Metadata-Version: 2.4
Name: arxiv2md
Version: 0.1.1
Summary: A command-line tool and Python library to convert arXiv papers to Markdown format.
Project-URL: Homepage, https://github.com/misya11p/arxiv2md
Author-email: komiya <90894519+misya11p@users.noreply.github.com>
License: MIT License Copyright (c) 2025 komiya
        
        Permission is hereby granted, free of
        charge, to any person obtaining a copy of this software and associated
        documentation files (the "Software"), to deal in the Software without
        restriction, including without limitation the rights to use, copy, modify, merge,
        publish, distribute, sublicense, and/or sell copies of the Software, and to
        permit persons to whom the Software is furnished to do so, subject to the
        following conditions:
        
        The above copyright notice and this permission notice
        (including the next paragraph) shall be included in all copies or substantial
        portions of the Software.
        
        THE SOFTWARE IS PROVIDED "AS IS", WITHOUT WARRANTY OF
        ANY KIND, EXPRESS OR IMPLIED, INCLUDING BUT NOT LIMITED TO THE WARRANTIES OF
        MERCHANTABILITY, FITNESS FOR A PARTICULAR PURPOSE AND NONINFRINGEMENT. IN NO
        EVENT SHALL THE AUTHORS OR COPYRIGHT HOLDERS BE LIABLE FOR ANY CLAIM, DAMAGES OR
        OTHER LIABILITY, WHETHER IN AN ACTION OF CONTRACT, TORT OR OTHERWISE, ARISING
        FROM, OUT OF OR IN CONNECTION WITH THE SOFTWARE OR THE USE OR OTHER DEALINGS IN
        THE SOFTWARE.
License-File: LICENSE
Keywords: arxiv,converter,markdown
Classifier: Development Status :: 4 - Beta
Classifier: Intended Audience :: Science/Research
Classifier: License :: OSI Approved :: MIT License
Classifier: Programming Language :: Python :: 3
Classifier: Programming Language :: Python :: 3.10
Classifier: Programming Language :: Python :: 3.11
Classifier: Programming Language :: Python :: 3.12
Requires-Python: >=3.10
Requires-Dist: arxiv>=2.2.0
Requires-Dist: bs4>=0.0.2
Requires-Dist: halo>=0.0.31
Requires-Dist: lxml>=6.0.0
Requires-Dist: requests>=2.32.5
Requires-Dist: typer>=0.16.1
Description-Content-Type: text/markdown

# arxiv2md

A command-line tool and Python library for converting arXiv papers to Markdown format.
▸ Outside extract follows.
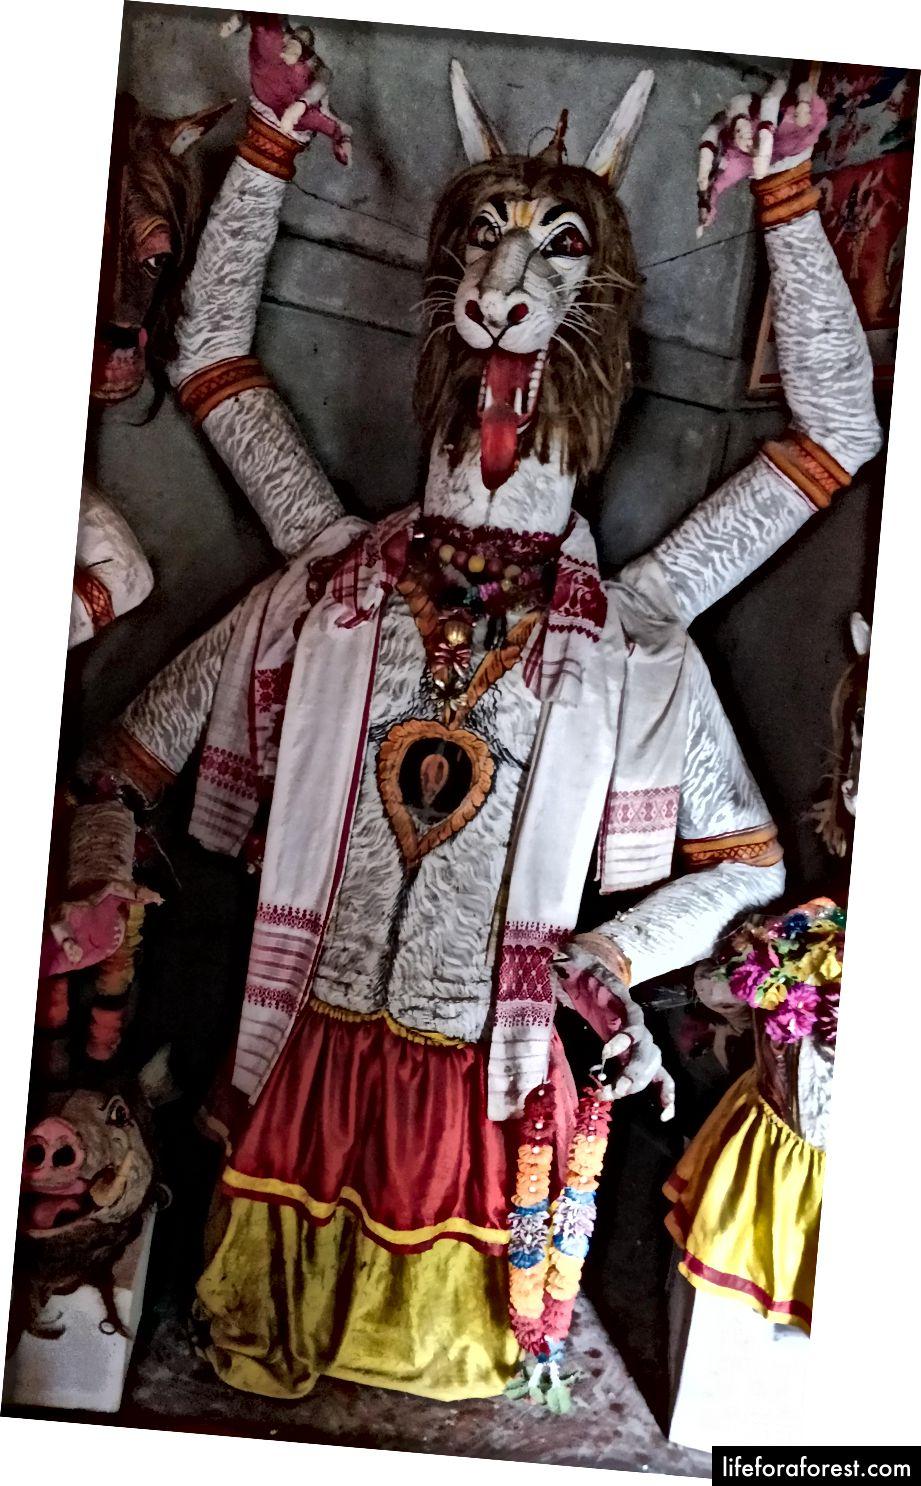 Một chiếc mặt nạ cao 6 feet của Narasimha, một hình đại diện của Chúa Vishnu.

It retrieves the paper's source code (.tex) from an input arXiv URL and converts it to Markdown format.

## Setup

First, you need to install `latexml`:

```bash
# For macOS
brew install latexml

# For Ubuntu
sudo apt update
sudo apt install latexml
```

Then install `arxiv2md`:

```bash
# Using pip
pip install arxiv2md

# Using uv
uv tool install arxiv2md
```

## Usage

Simply provide the arXiv URL:

```bash
arxiv2md https://arxiv.org/abs/1706.03762
```

For use from Python code:

```python
from arxiv2md import arxiv2md

markdown, metadata = arxiv2md("https://arxiv.org/abs/1706.03762")
with open("output.md", "w") as f:
    f.write(markdown)
```

Example output file: [example.md](example.md)

## Notes

- The input URL doesn't necessarily need to be the arXiv's abstract page. It will work with PDF pages or source code pages as well. Ultimately, it should work with any string containing an arXiv ID.
- Papers without provided LaTeX source code cannot be converted.
- Figures and tables will be ignored.
- Papers not using bibtex will have reference citations displayed incorrectly.
- For papers with a large number of pages, processing by latexml may take considerable time.